> On Dec 25, 2020, at 5:32 PM, John Levine <jo...@iecc.com> wrote:
>
> I agree it is odd to make 100/100 the top speed. The fiber service I
> have from my local non-Bell telco offers 100/100, 500/500, and
> 1000/1000. FiOS where you can get it goes to 940/880.
>
> The obvious guess is that their upstream bandwidth is
> underprovisioned, or maybe they figure 100/100 is all they need to
> compete in that particular market.
My TV (wired) pulls at higher bitrates when doing the initial fetches of the
buffering. Not unusual to see it pulling more than 150Mb/s at the start of a
(non-4K) show.
I think the extent that end-users are impacted by these slower speeds while
buffering is under appreciated in the experience.

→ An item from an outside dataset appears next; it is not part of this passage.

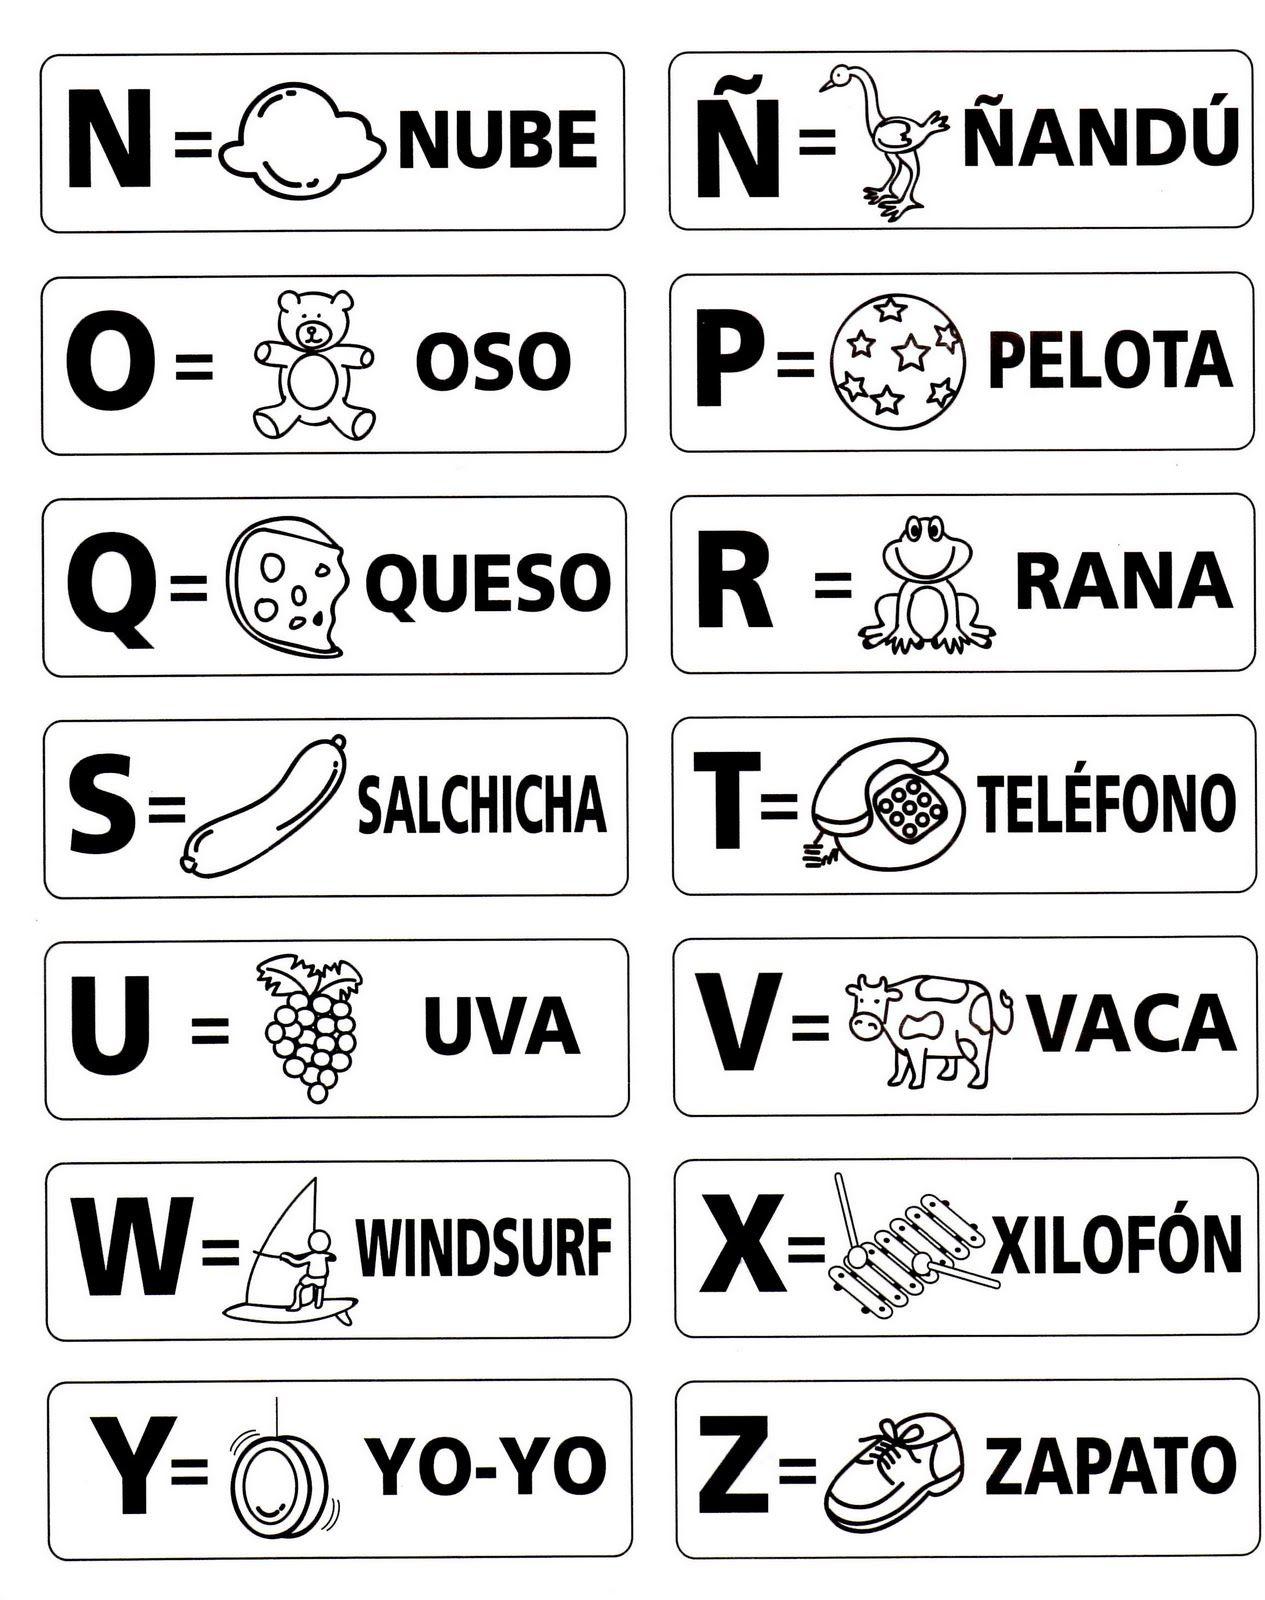 Recursos Y Actividades Para Educacion Infantil Abecedarios Para Colorear Con Dibujos Letras Del Abecedario Abecedario Para Imprimir Aprender El Abecedario

At $dayjob many servers are 10G or 100G so the limiting factor is most likely
the CPE or ISP. I was hearing last night about someone with a device that
didn’t appear to be hitting the line-rate but was dropping 0.5% of packets when
running at 3Gb/s until they upgraded to one of the major networking vendors we
all know here.
In my small FTTH network the slowest link is at the customer home and all the
devices are hardware ASIC forwarded vs offload as you find in some of the
low/mid-tier devices (eg: Tik/UBNT).
Many streaming things do 8 second waits between chunks, so if you’re pulling a
video stream at 6Mb/s you really are pulling 6*8 (lets say 50) then idle for 7
seconds. If you’re on a 25Mb/s service or even a 50Mb/s service it won’t work
the way you expect if there’s any other activity.